The third research question explores the relationship between having a condition such as asthma and the average duration of sleep an individual gets. Here, the duration of sleep (how.much.sleep) is the explanatory variable, and having asthma (asthnow) is the response variable. The following is the summary for the variable asthnow:
summary(my.data.RQ2$asthnow)
## Yes No NA's
## 28816 10828 187953
The filtered data without the missing values on asthnow variable are saved into a new fata frame my.data.RQ3:
my.data.RQ3 <- my.data.RQ2 %>%
filter(!is.na(asthnow))
summary(my.data.RQ3$asthnow)
## Yes No
## 28816 10828
The following code groups the data by the values of asthma variable and calculates percentges for each duration of sleep across the two groups of individuals - with and without asthma:
my.data.RQ3 %>%
#filter(genhlth == "Excellent" | genhlth == "Very good" | genhlth == "Good" & exerany2 == "Yes") %>%
group_by(asthnow) %>%
summarise(n=n(), sl.0to5h= sum(how.much.sleep == "0-5")/n(), sl.5to7h = sum(how.much.sleep == "5-7")/n(), sl.7to9h= sum(how.much.sleep == "7-9")/n(), sl.9plus= sum(how.much.sleep == "9 or more")/n())
## # A tibble: 2 x 6
## asthnow n sl.0to5h sl.5to7h sl.7to9h sl.9plus
## <fctr> <int> <dbl> <dbl> <dbl> <dbl>
## 1 Yes 28816 0.10254720 0.3646932 0.4314964 0.10126319
## 2 No 10828 0.06464721 0.3511267 0.4958441 0.08838197
The summary shows that 49.6 percent of those who have no astma and 43.1 percent of those with asthma get 7 to 9 hours of sleep. In other words, those adults in the sample who have asthma are less likey to get the recommnded amount of sleep.
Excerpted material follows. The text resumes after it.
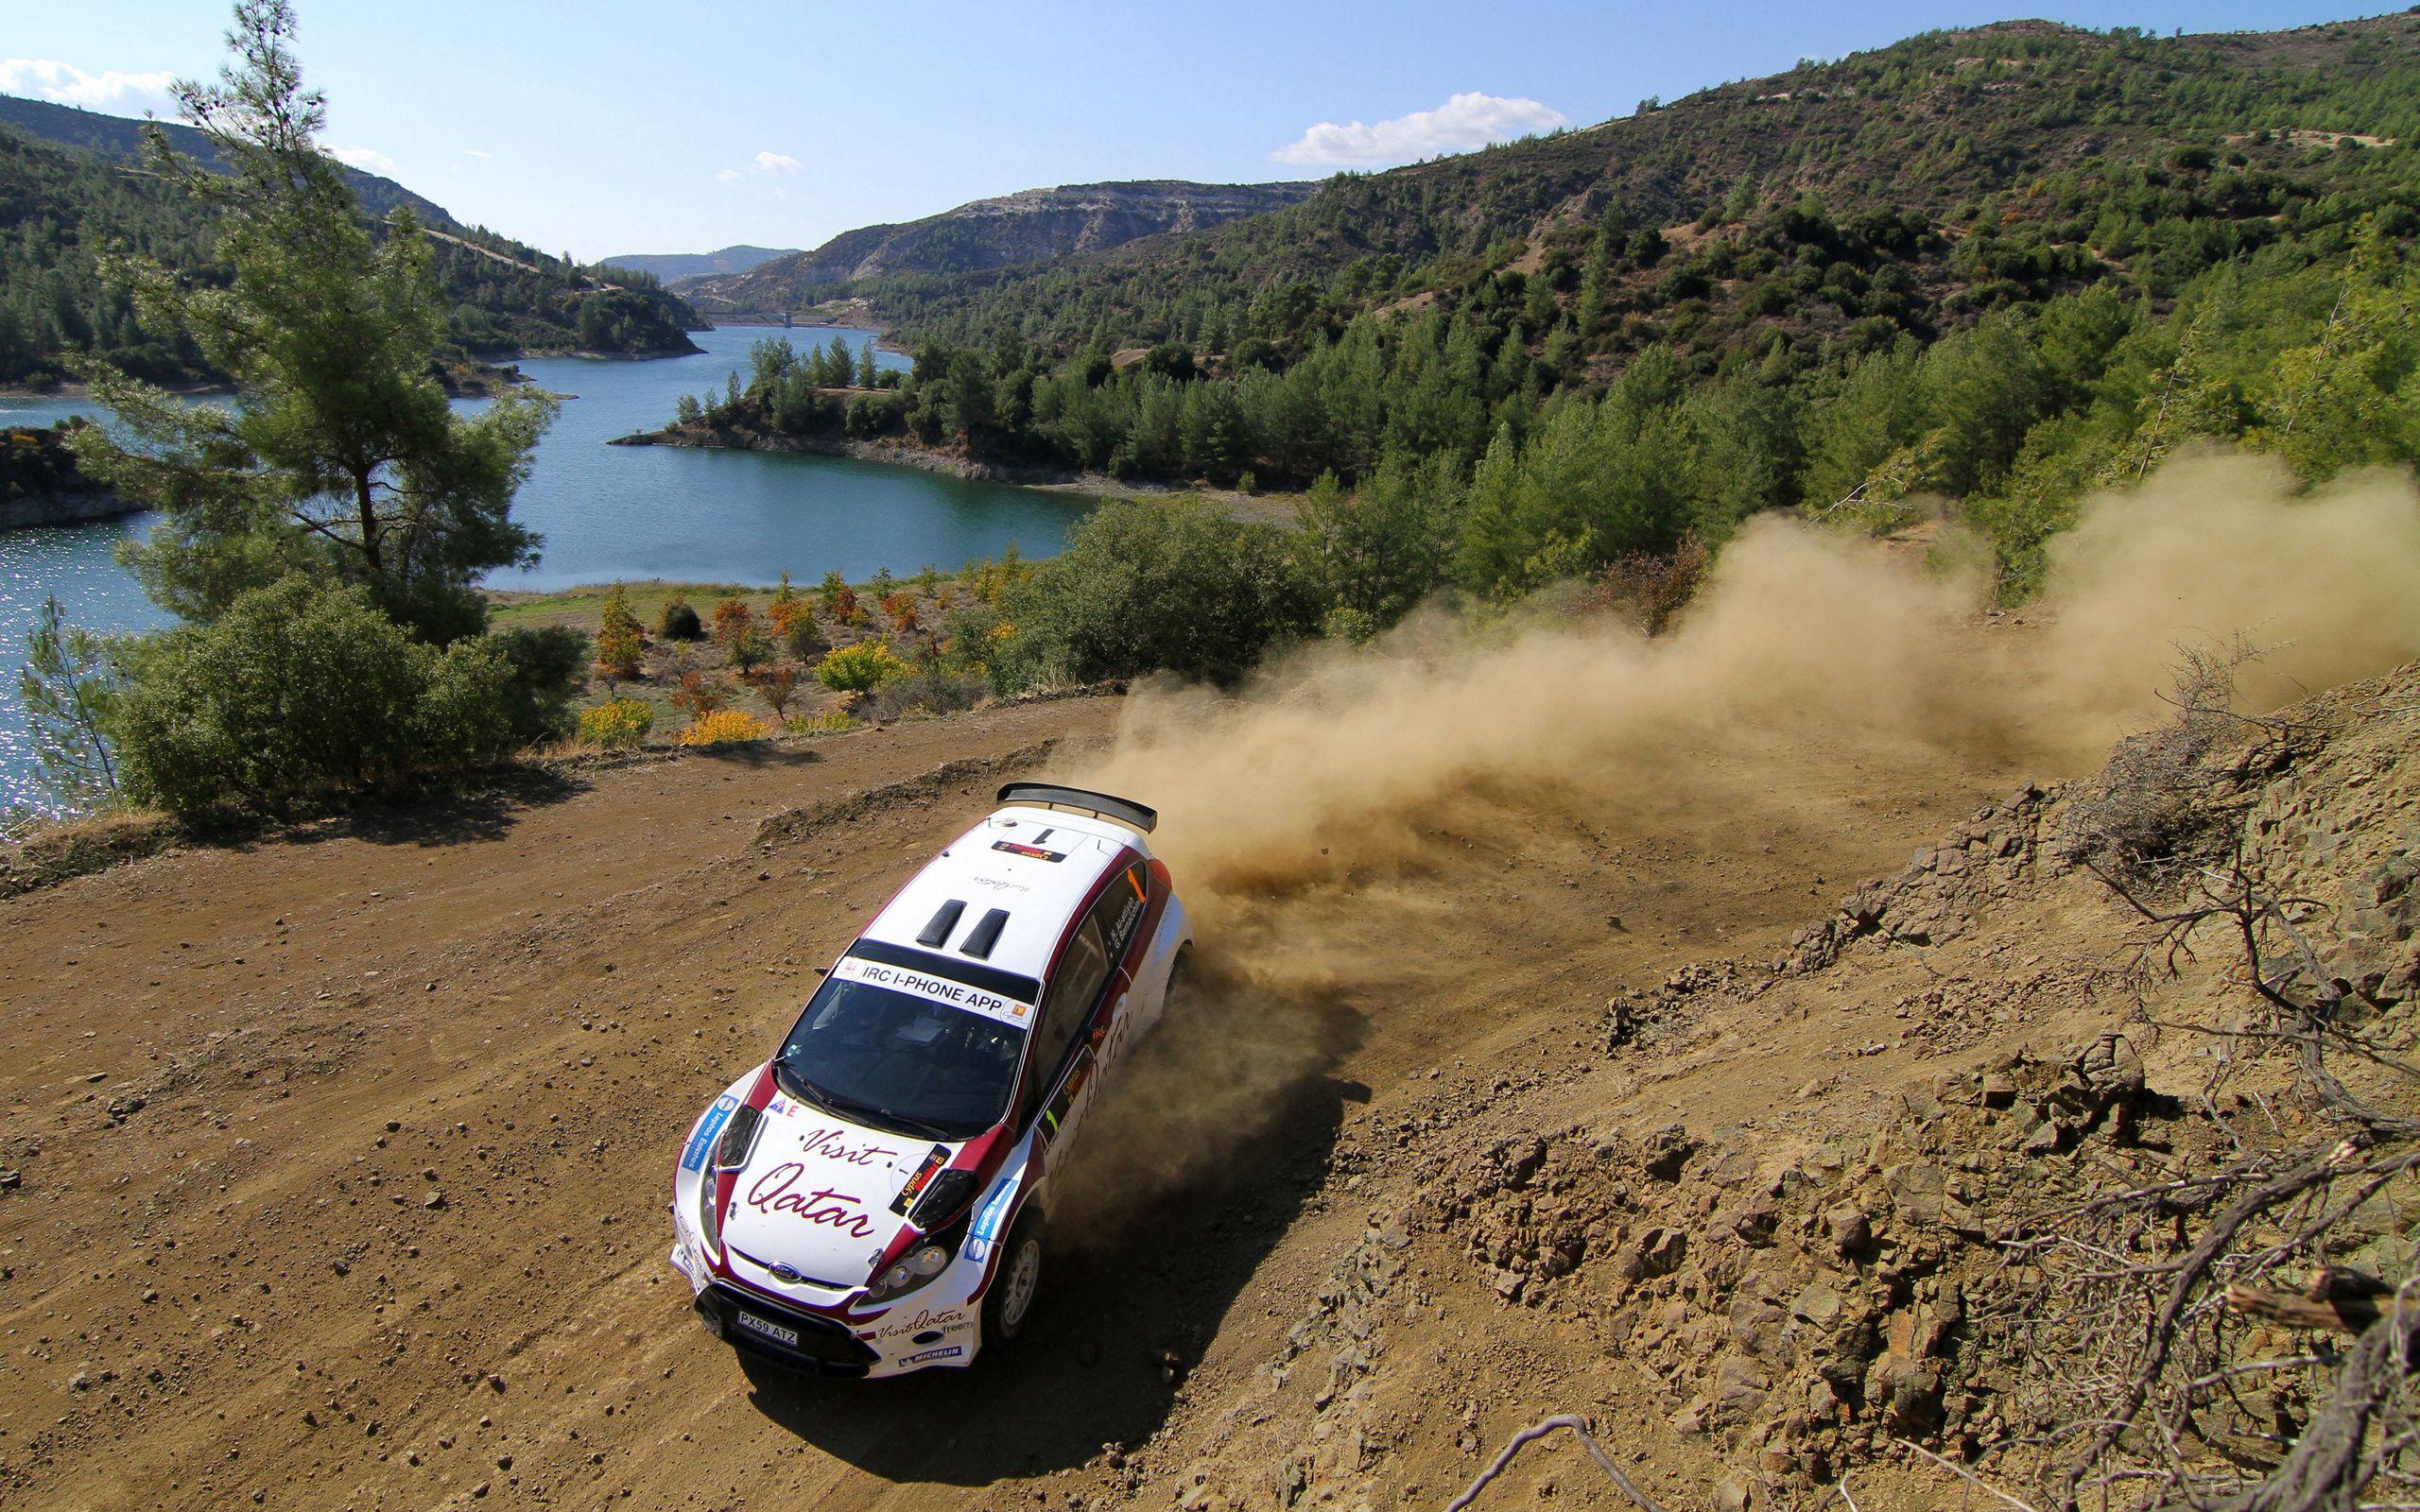 115078 Hintergrundbild herunterladen Sport, Ford, Wende, Drehen, Staub, Interkontinentale Rallye-Herausforderung, Al Attiyah, Zypern 2011 - Bildschirmschoner und Bilder kostenlos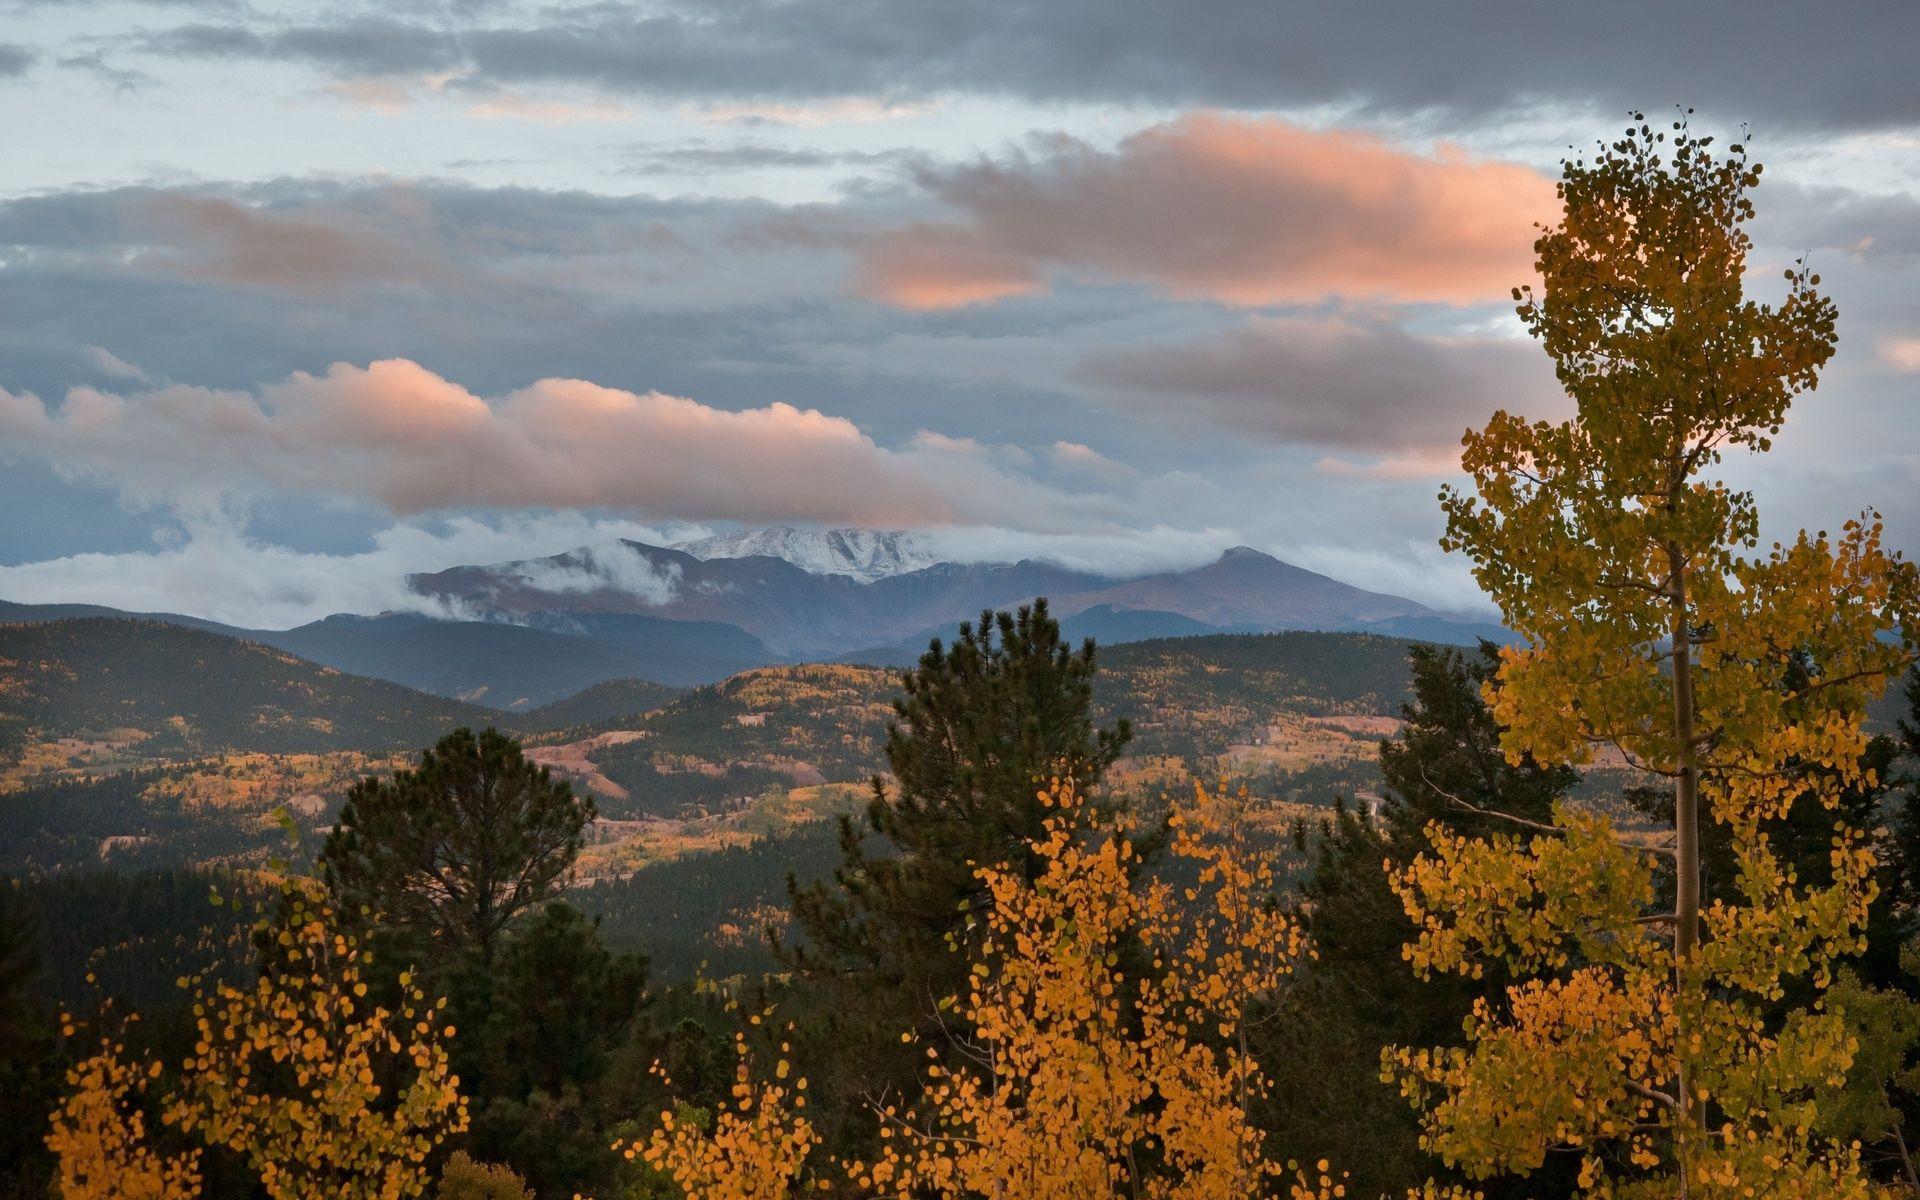 107049 скачать обои Природа, Осень, Небо, Облака, Деревья, Осины, Вечер, Горы, Сосны - заставки и картинки бесплатно

This relationship is clearly seen on the relative frequency, stacked bar plot:
ggplot(my.data.RQ3, aes(x = asthnow, fill = how.much.sleep)) + geom_bar(position="fill") + labs(y = "Proportion")
The red area of the plot shows that the respondents who reported having asthma are substantially more likely to get less than 5 hours of sleep.
Overall, the findings of the exploratory analysis show that there are links between the following variables of interest:
— the average number of days when physical or mental health kept one from doing usual activities, such as self-care, work, or recreation varies and the average duration of sleep for healthy individuls who exercise.
— the probability that one has a serious difficulty concentrating, remembering, or making decisions is associated with the amount of sleep one gets in healthy individuls who exercise.
— the probability that an adult in the sample gets the recommendent amount of sleem (7-9) hour is related to whether one has such a condition as asthma.
Because the sample was collected using random sampling techniques, the discussed relationships may hold in the populatin of the U.S. adults. However, the discussed links are correlational, whcich means that the analysis doesn’t provide evidence for causal relationships between the explanatory and response varibles examined in this project.